Cumulative sums with data.table and multiple by conditions [duplicate]

I have a data set that looks like this
id name year job job2
1 Jane 1980 Worker 0
1 Jane 1981 Manager 1
1 Jane 1982 Manager 1
1 Jane 1983 Manager 1
1 Jane 1984 Manager 1
1 Jane 1985 Manager 1
1 Jane 1986 Boss 0
1 Jane 1987 Boss 0
2 Bob 1985 Worker 0
2 Bob 1986 Worker 0
2 Bob 1987 Manager 1
2 Bob 1988 Boss 0
2 Bob 1989 Boss 0
2 Bob 1990 Boss 0
2 Bob 1991 Boss 0
2 Bob 1992 Boss 0
Here, job2 denotes a dummy variable indicating whether a person was a Manager during that year or not. I want to do two things to this data set: first, I only want to preserve the row when the person became Boss for the first time. Second, I would like to see cumulative years a person worked as a Manager and store this information in the variable cumu_job2. Thus I would like to have:
id name year job job2 cumu_job2
1 Jane 1980 Worker 0 0
1 Jane 1981 Manager 1 1
1 Jane 1982 Manager 1 2
1 Jane 1983 Manager 1 3
1 Jane 1984 Manager 1 4
1 Jane 1985 Manager 1 5
1 Jane 1986 Boss 0 0
2 Bob 1985 Worker 0 0
2 Bob 1986 Worker 0 0
2 Bob 1987 Manager 1 1
2 Bob 1988 Boss 0 0
I have changed my examples and included the Worker position because this reflects more what I want to do with the original data set. The answers in this thread only works when there are only Managers and Boss in the data set - so any suggestions for making this work would be great. I'll be very much grateful!!

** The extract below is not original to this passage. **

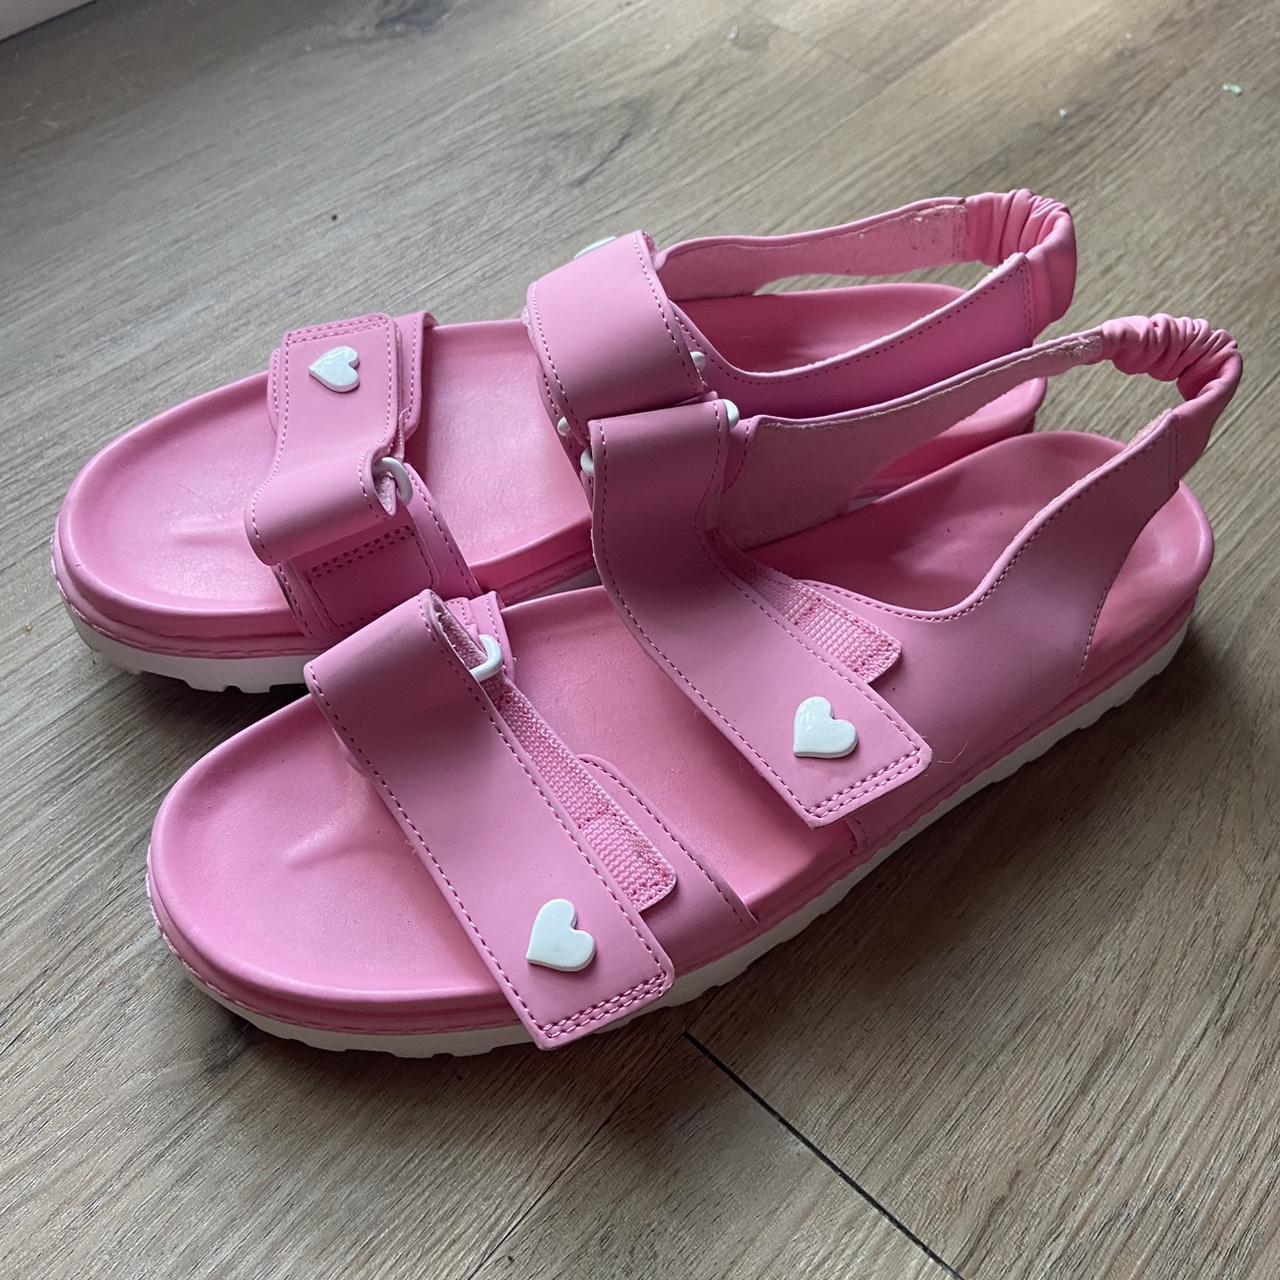 Stoney Clover Pink Heart Sandals Size 7 Worn Once... - Depop

Here is the succinct dplyr solution for the same problem.
NOTE: Make sure that stringsAsFactors = FALSE while reading in the data.
library(dplyr)
dat %>%
group_by(name, job) %>%
filter(job != "Boss" | year == min(year)) %>%
mutate(cumu_job2 = cumsum(job2))
Output:
id name year job job2 cumu_job2
1 1 Jane 1980 Worker 0 0
2 1 Jane 1981 Manager 1 1
3 1 Jane 1982 Manager 1 2
4 1 Jane 1983 Manager 1 3
5 1 Jane 1984 Manager 1 4
6 1 Jane 1985 Manager 1 5
7 1 Jane 1986 Boss 0 0
8 2 Bob 1985 Worker 0 0
9 2 Bob 1986 Worker 0 0
10 2 Bob 1987 Manager 1 1
11 2 Bob 1988 Boss 0 0
Explanation
Take the dataset
Group by name and job
Filter each group based on condition
Add cumu_job2 column.
Contributed by Matthew Dowle:
dt[, .SD[job != "Boss" | year == min(year)][, cumjob := cumsum(job2)],
by = list(name, job)]
Explanation
Take the dataset
Run a filter and add a column within each Subset of Data (.SD)
Grouped by name and job
Older versions:
You have two different split apply combines here. One to get the cumulative jobs, and the other to get the first row of boss status. Here is an implementation in data.table where we basically do each analysis separately (well, kind of), and then collect everything in one place with rbind. The main thing to note is the by=id piece, which basically means the other expressions are evaluated for each id grouping in the data, which was what you correctly noted was missing from your attempt.
library(data.table)
dt <- as.data.table(df)
dt[, cumujob:=0L] # add column, set to zero
dt[job2==1, cumujob:=cumsum(job2), by=id] # cumsum for manager time by person
rbind(
dt[job2==1], # this is just the manager portion of the data
dt[job2==0, head(.SD, 1), by=id] # get first bossdom row
)[order(id, year)] # order by id, year
# id name year job job2 cumujob
# 1: 1 Jane 1980 Manager 1 1
# 2: 1 Jane 1981 Manager 1 2
# 3: 1 Jane 1982 Manager 1 3
# 4: 1 Jane 1983 Manager 1 4
# 5: 1 Jane 1984 Manager 1 5
# 6: 1 Jane 1985 Manager 1 6
# 7: 1 Jane 1986 Boss 0 0
# 8: 2 Bob 1985 Manager 1 1
# 9: 2 Bob 1986 Manager 1 2
# 10: 2 Bob 1987 Manager 1 3
# 11: 2 Bob 1988 Boss 0 0
Note this assumes table is sorted by year within each id, but if it isn't that's easy enough to fix.
Alternatively you could also achieve the same with:
ans <- dt[, .I[job != "Boss" | year == min(year)], by=list(name, job)]
ans <- dt[ans$V1]
ans[, cumujob := cumsum(job2), by=list(name,job)]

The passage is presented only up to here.